Une seule chose avait troublé son bien-aise, c’était la voix des crieurs des rues, beuglant à tue-tête un événement sinistre qui ne s’est point vérifié depuis. Mais, pour le gobe-mouches, tout ce qui s’imprime et se vend, ne fût-ce que pour un sou, acquiert un degré d’authenticité qui ne lui permet aucun doute. Sans ce léger inconvénient, tout serait plaisir pour lui, car sa nature le porte naturellement vers ceux qui flattent pour duper, et c’est dans l’enchaînement continuel des histoires les plus absurdes, des promesses les plus illusoires, qu’il passe sa vie inutile, espérant toujours la place qu’on ne lui donne pas, et le bien-être qui n’arrive jamais.

Entre-t-il dans un salon ? il est sûr d’y produire de l’effet, car il est toujours muni d’une ou deux nouvelles à renverser d’étonnement. Celle de la veille devrait peut-être rendre moins empressé à croire celle du lendemain ; mais non, il y a dans la bonne foi du gobe-mouches quelque chose qui triomphe de l’expérience ; on se laisse aller à l’impression qu’il reçoit de son propre récit. Cependant on sait que dans son empressement de croire, il n’attend pas toujours la fin d’une aventure pour aller la colporter ; qu’il entend parfois tout de travers la nouvelle qu’on débite, et qu’il la transmet de même. N’importe, il a toujours l’avantage de jeter un fait dans une conversation qui se traînait avec peine.

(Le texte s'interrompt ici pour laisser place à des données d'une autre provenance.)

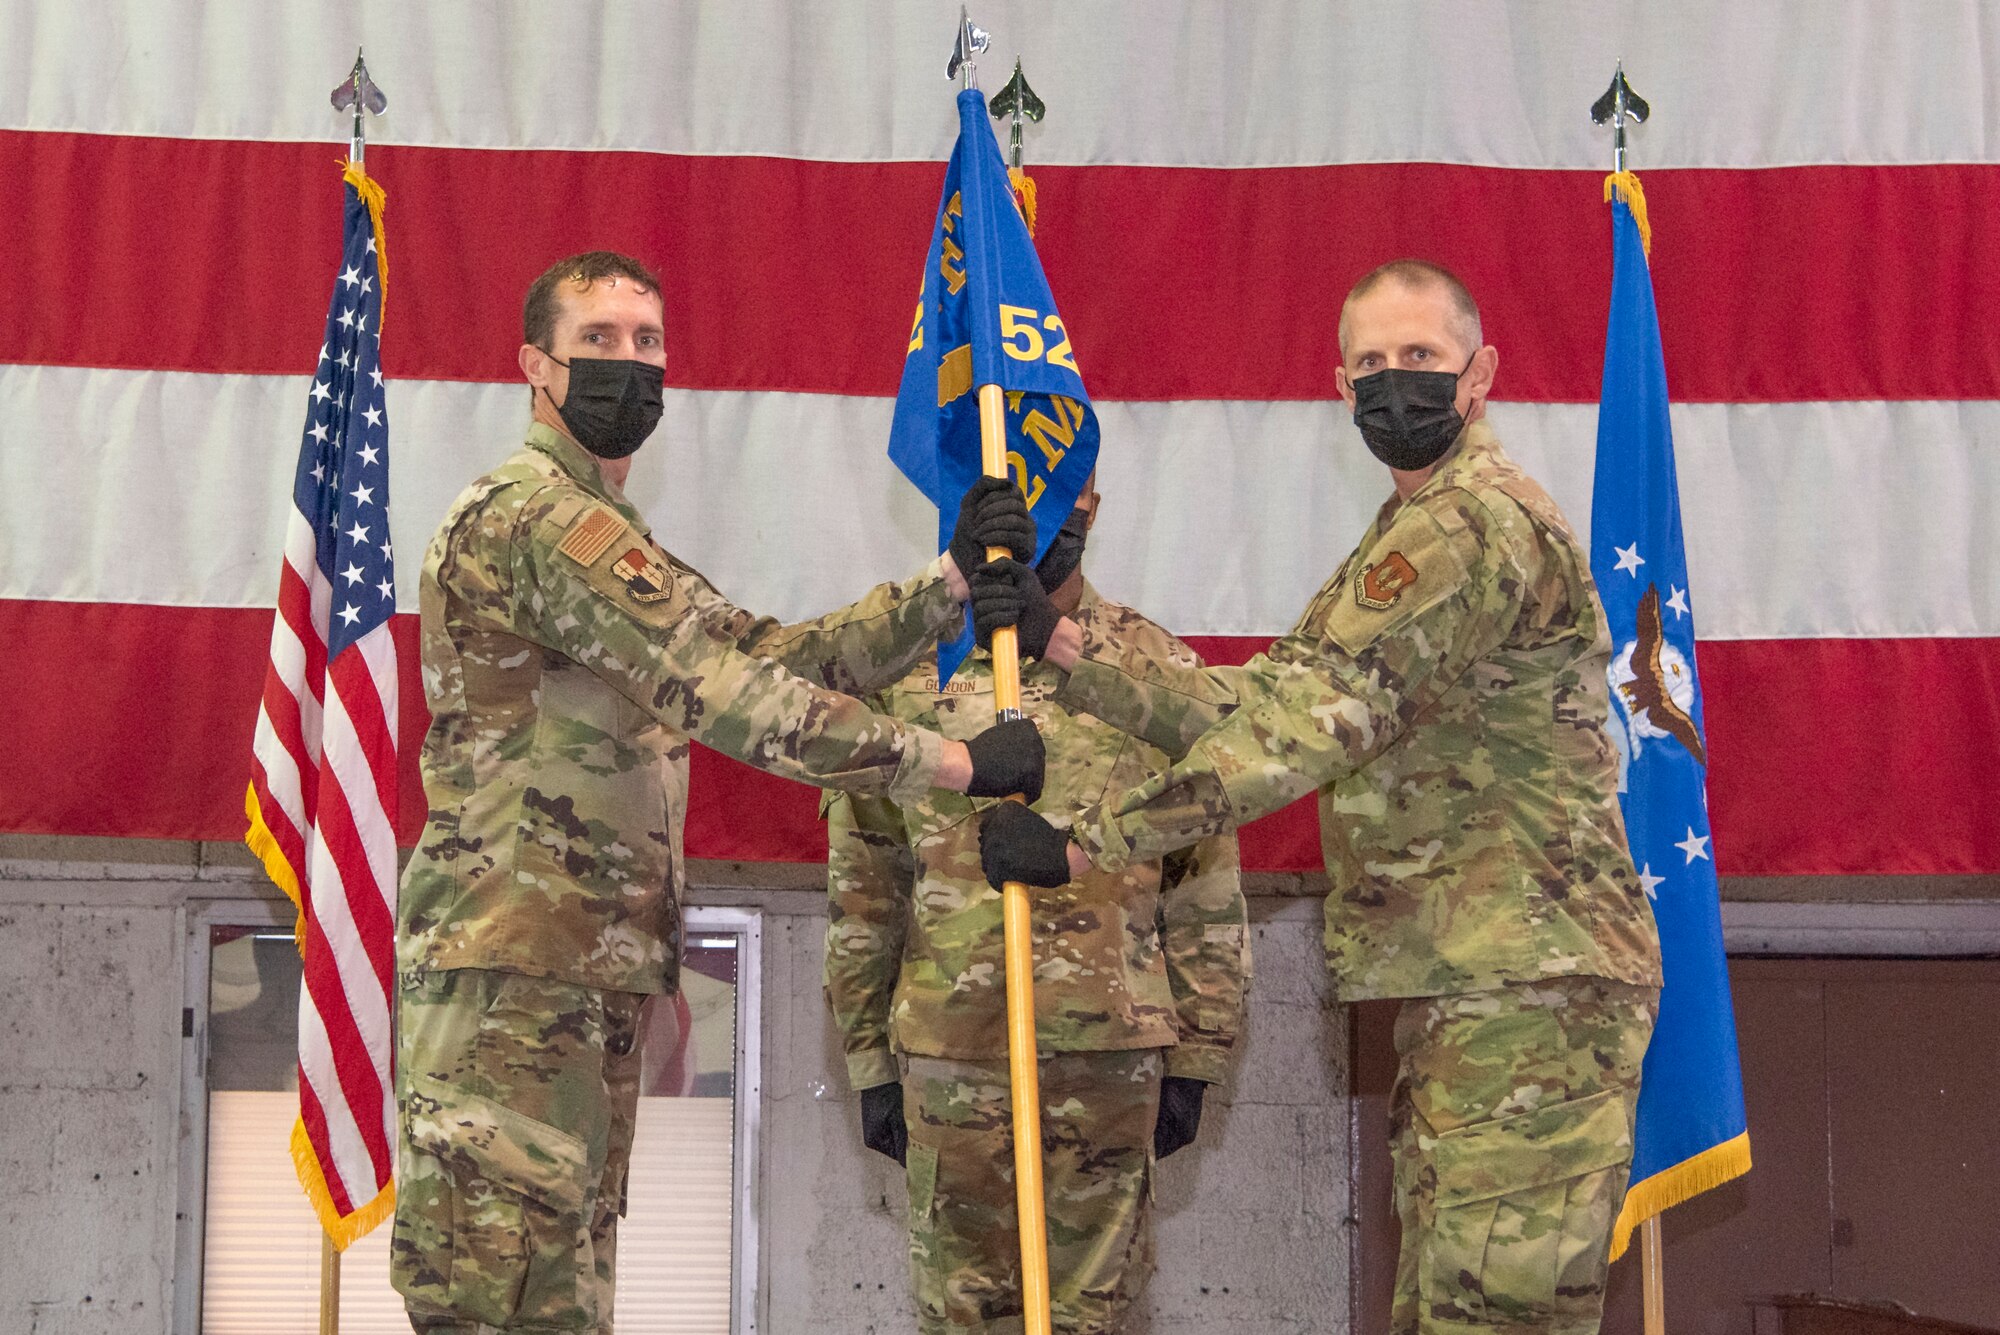 U.S. Air Force Col. David Epperson, 52nd Fighter Wing commander (left), passes the medical group guidon to U.S. Air Force Col. Peter French, the new 52nd Medical Group commander, during the 52nd MDG change of command ceremony June 30, 2021, on Spangdahlem Air Base, Germany.

La maîtresse de maison, qui ne savait plus comment la soutenir, accepte avec ravissement ce fait absurde qui rend la vie à son salon ; elle l’adopte, le commente, et devient le plus ardent complice des impostures innocentes du gobe-mouches. Quel plaisir pour lui ! les discussions renaissent, les tête-à-tête sont interrompus, les bâillements ont cessé ; on se ranime, on cause, on rit, on se querelle, et cette résurrection est son ouvrage : chaque jour ramène pour lui de semblables succès.